◆ EXERCISE ◆
Look below for the line that has "河口湖大石公園からの富士山です。ネモフィラがきれいに咲いています。". Set down the lines from there through the line that has "#富士山　#富士五湖　#河口", exactly as written.

◆ SUPPLIED RECORDS ◆

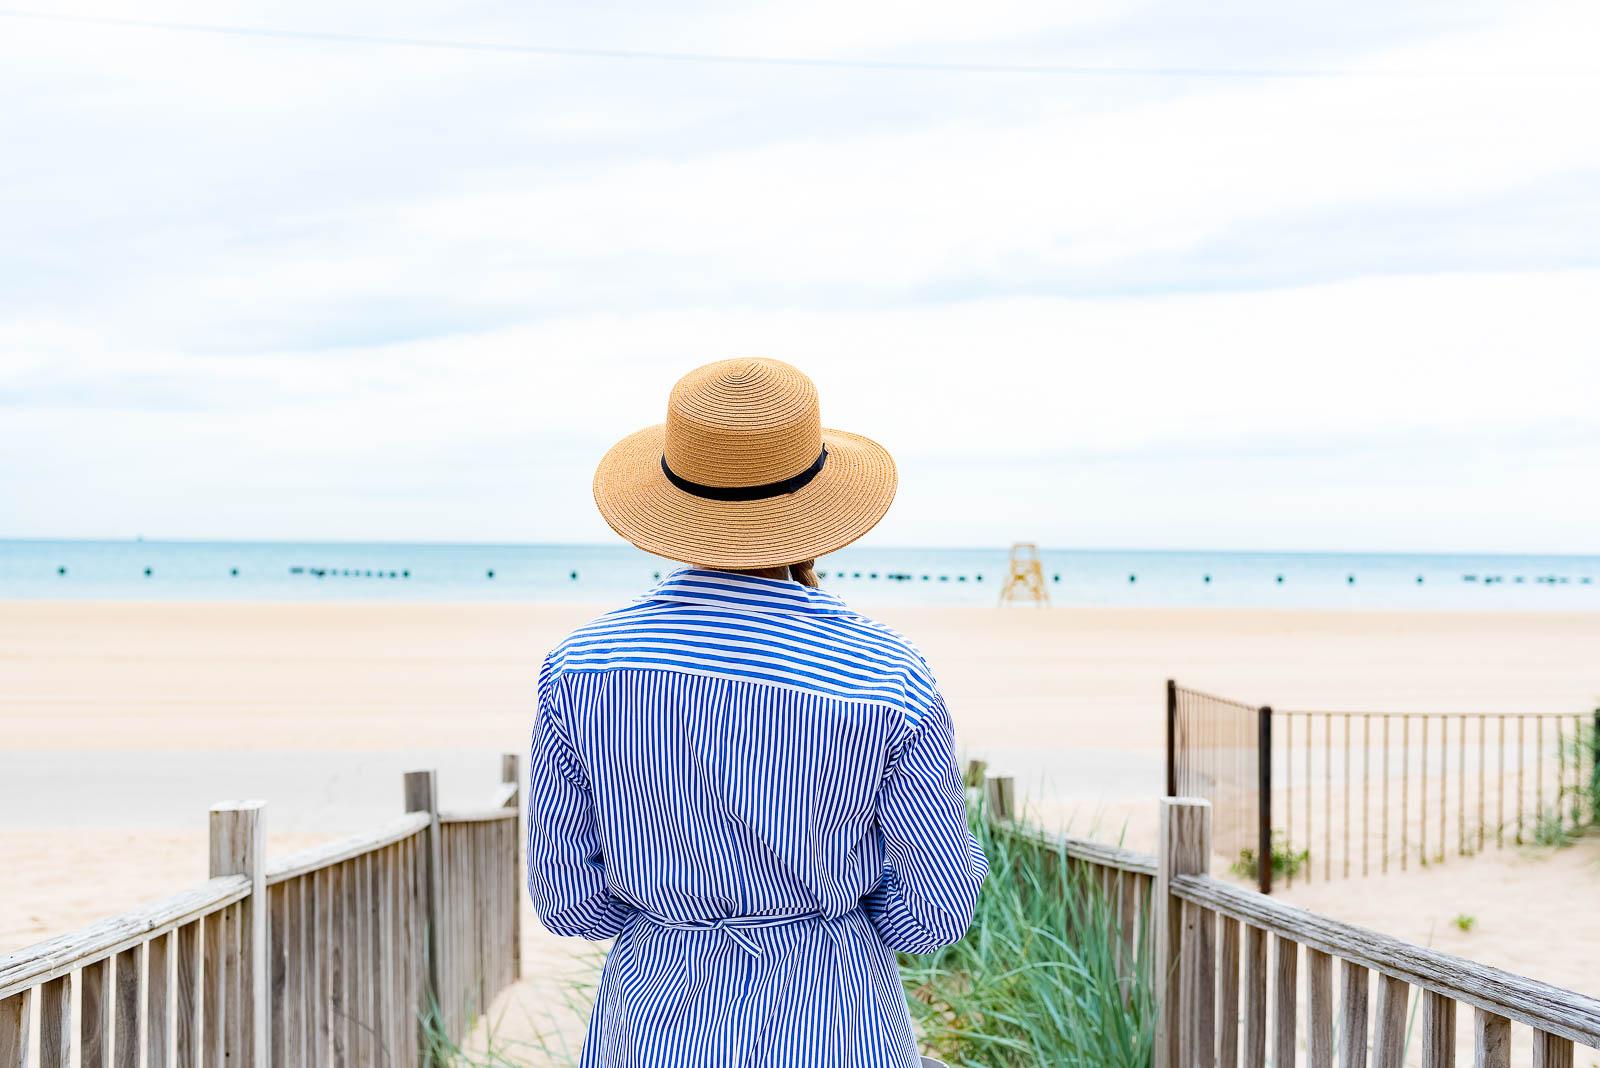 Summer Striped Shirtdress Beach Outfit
---
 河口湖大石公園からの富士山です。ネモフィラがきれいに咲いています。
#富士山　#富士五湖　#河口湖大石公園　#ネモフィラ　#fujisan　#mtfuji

◆ ANSWER SECTION ◆
 河口湖大石公園からの富士山です。ネモフィラがきれいに咲いています。
#富士山　#富士五湖　#河口湖大石公園　#ネモフィラ　#fujisan　#mtfuji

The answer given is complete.